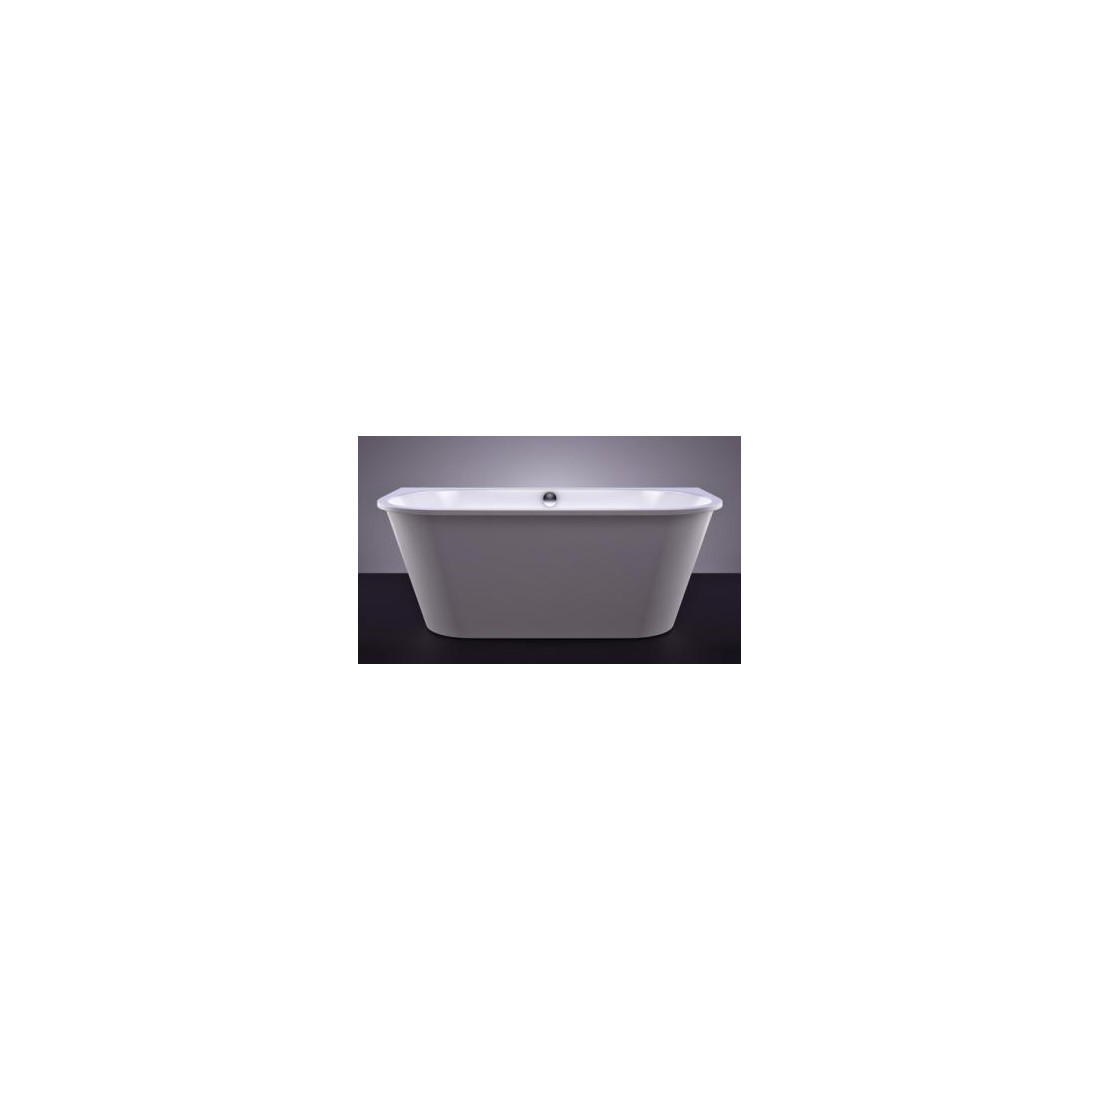 Akmens masės vonia VISPOOL EVENTO 175x75 apvalinti du kampai balta
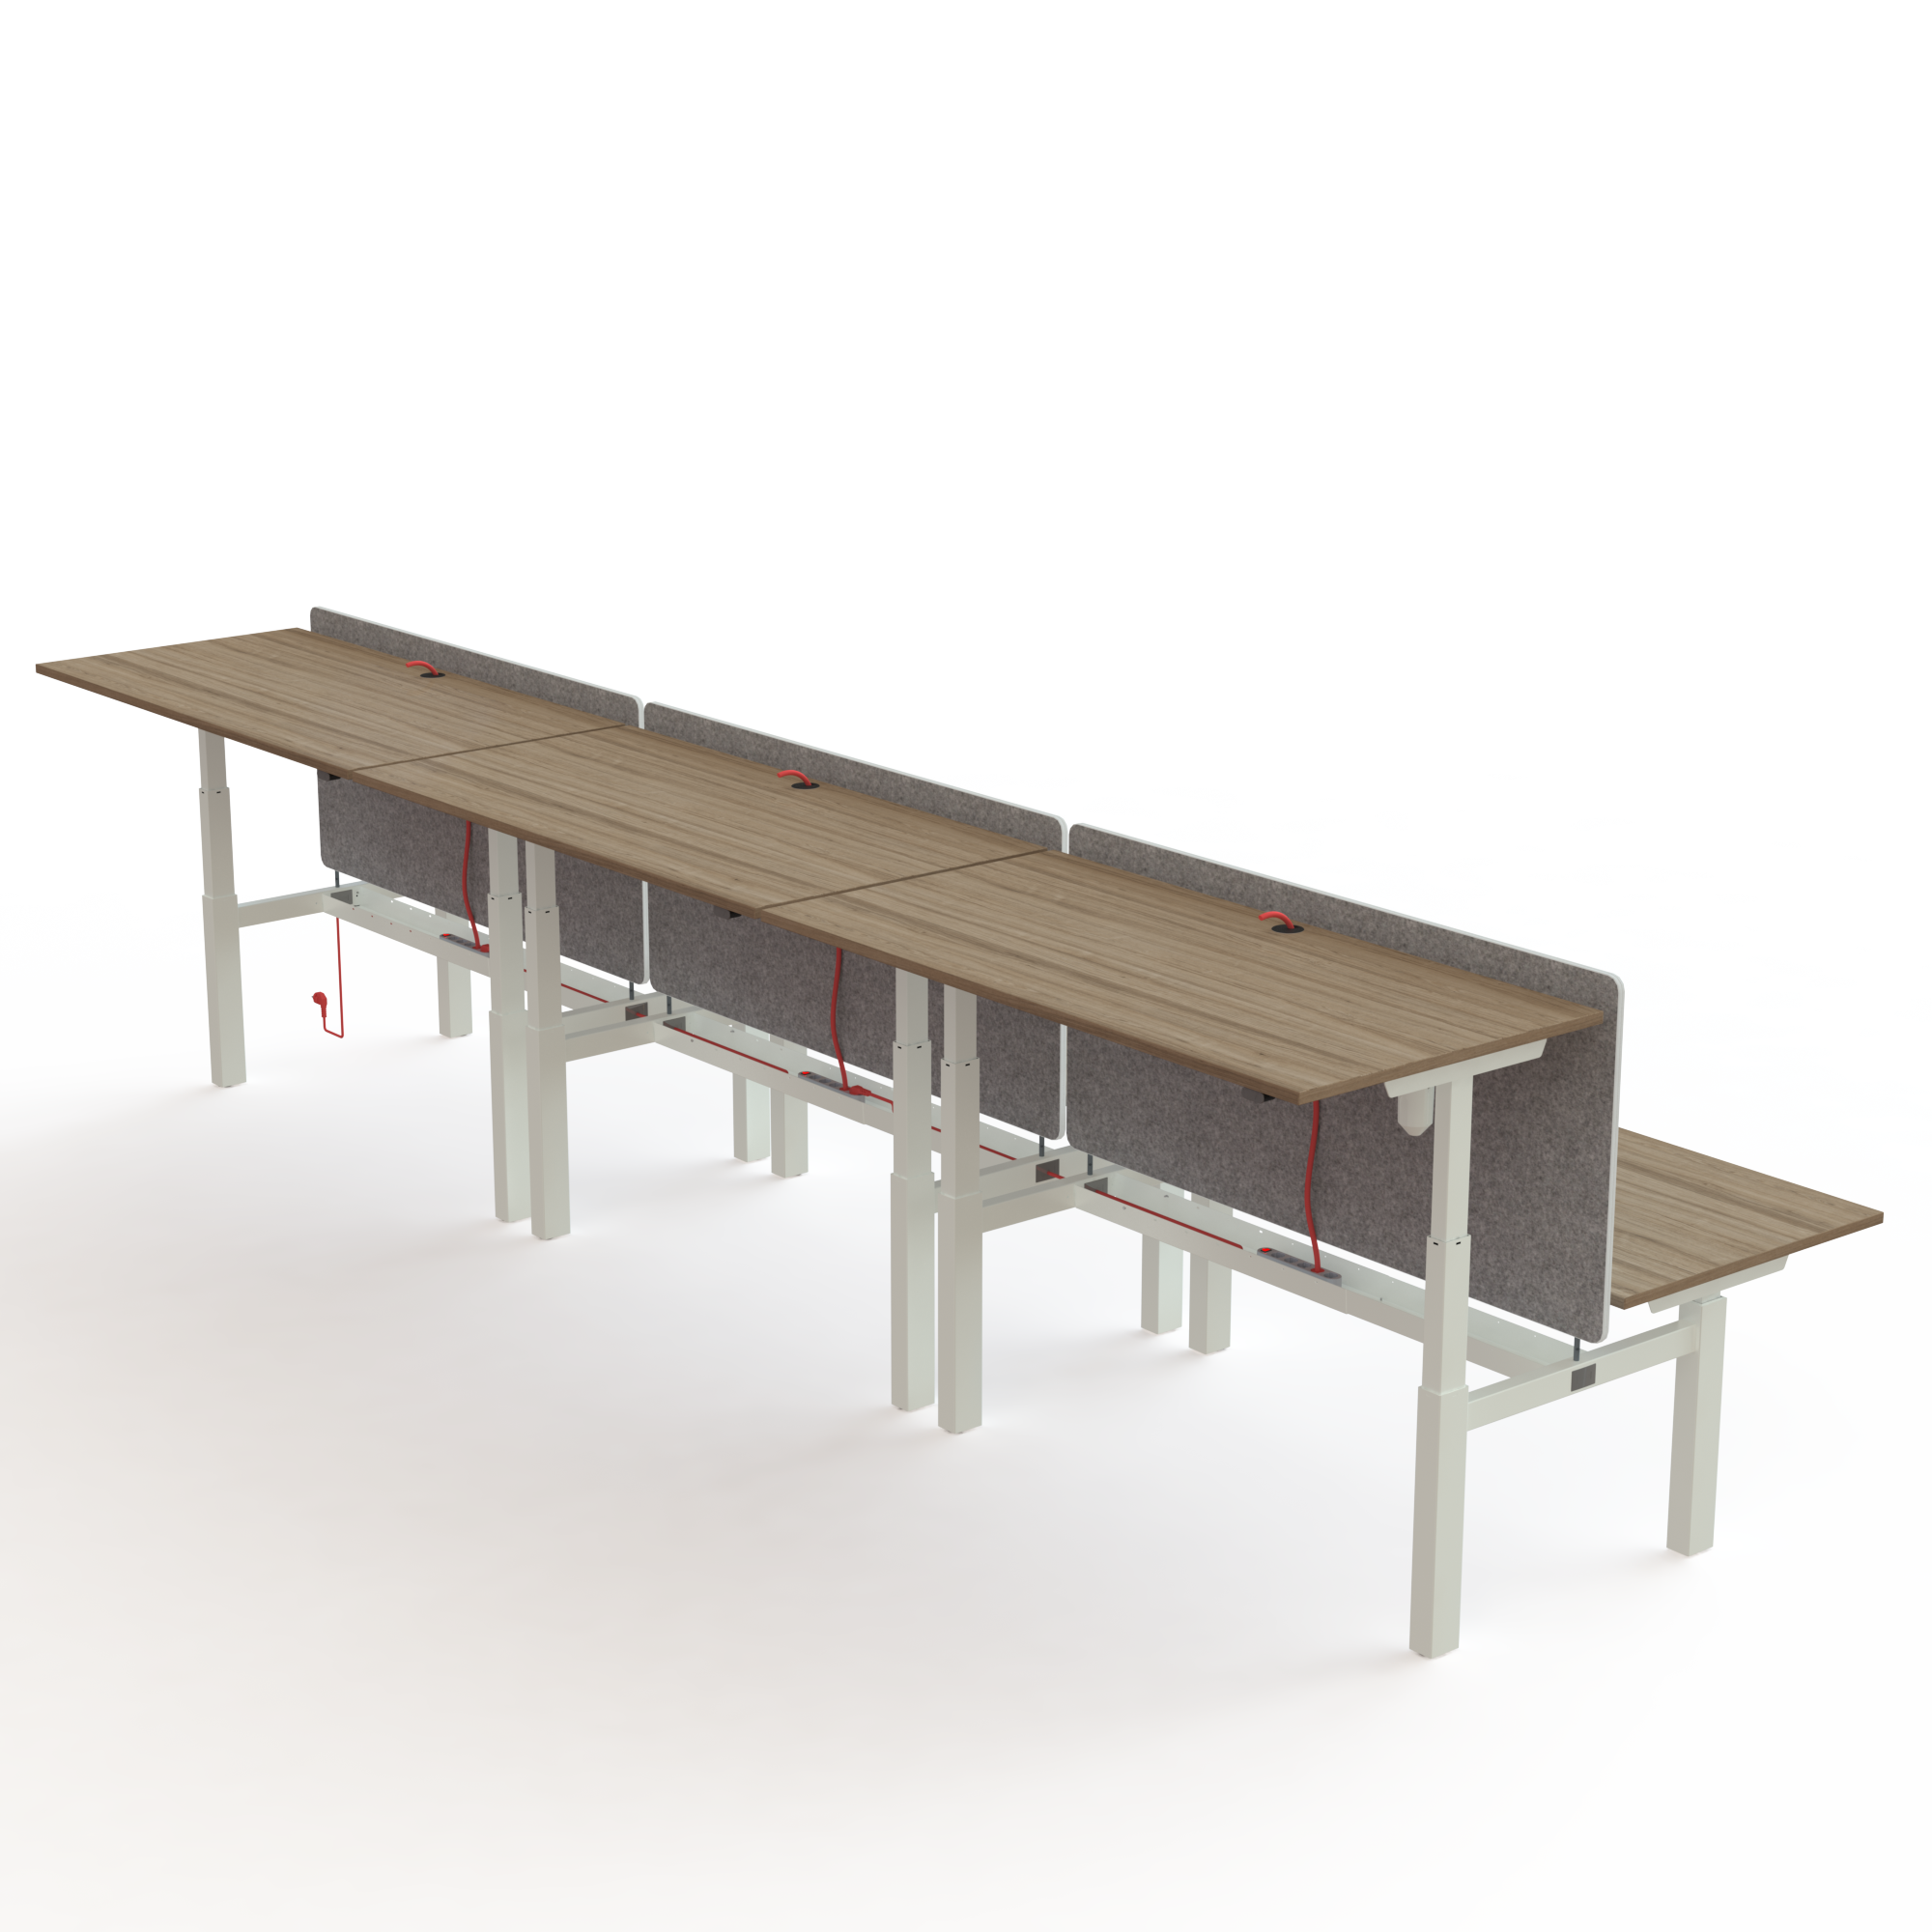 Electric Adjustable Desk | 120x80 cm | Walnut with white frame
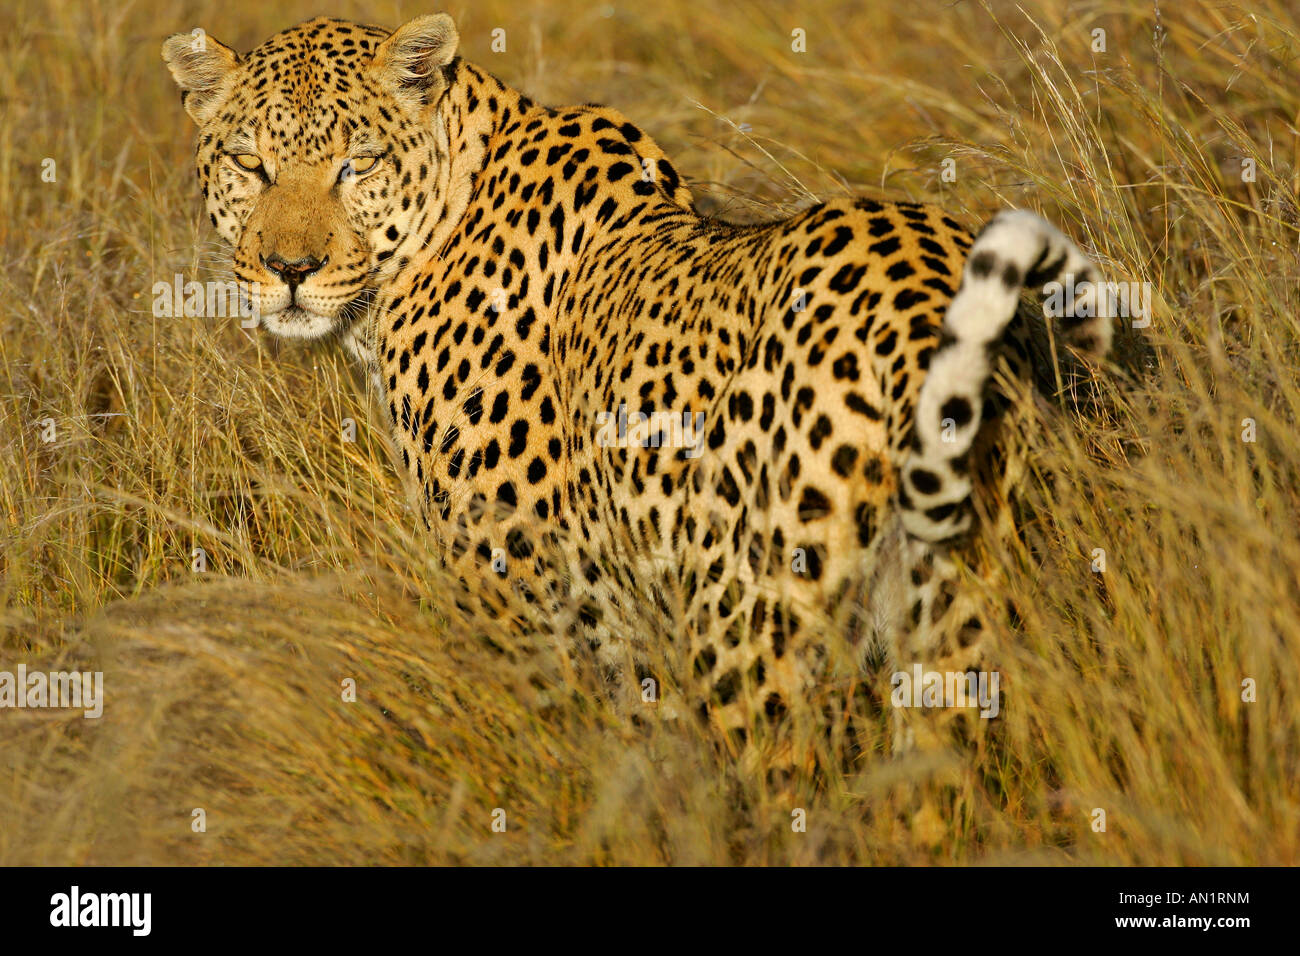 Maschio di leopard panthera pardus in piedi di Savannah in mattina presto luce della Namibia in Africa Foto Stock
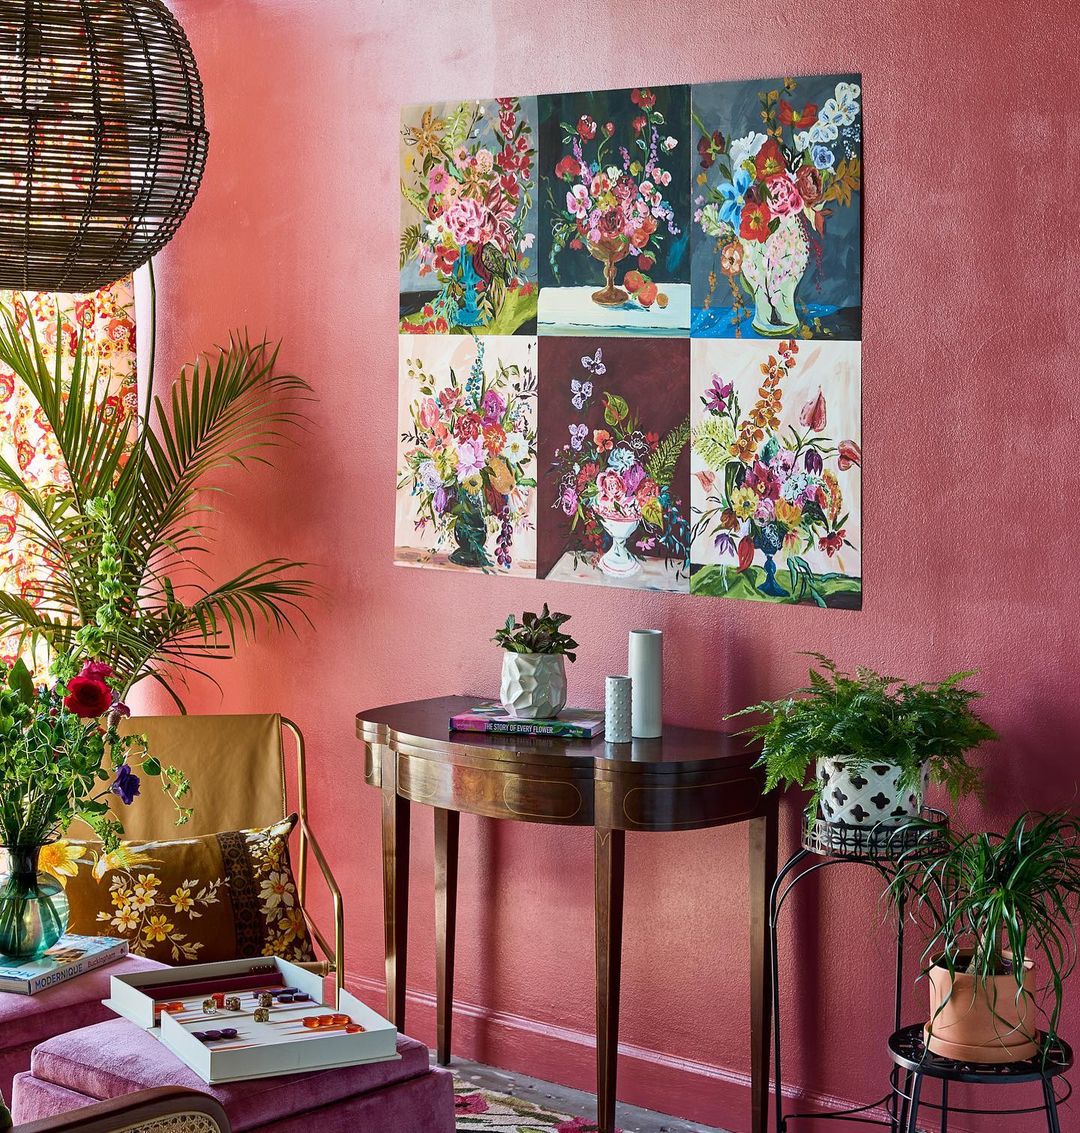 Make All Of Your Colorful Maximalist Furniture Dreams Come True

┄┄┄┄┄┄┄┄┄┄

**EXERCISE INSTRUCTIONS:**
Could you retype exactly the lines running from the one with "Electric Adjustable Desk" to the end of the material above, pictures omitted?

**RESPONSE:**
 Electric Adjustable Desk | 120x80 cm | Walnut with white frame
 Maschio di leopard panthera pardus in piedi di Savannah in mattina presto luce della Namibia in Africa Foto Stock
 Make All Of Your Colorful Maximalist Furniture Dreams Come True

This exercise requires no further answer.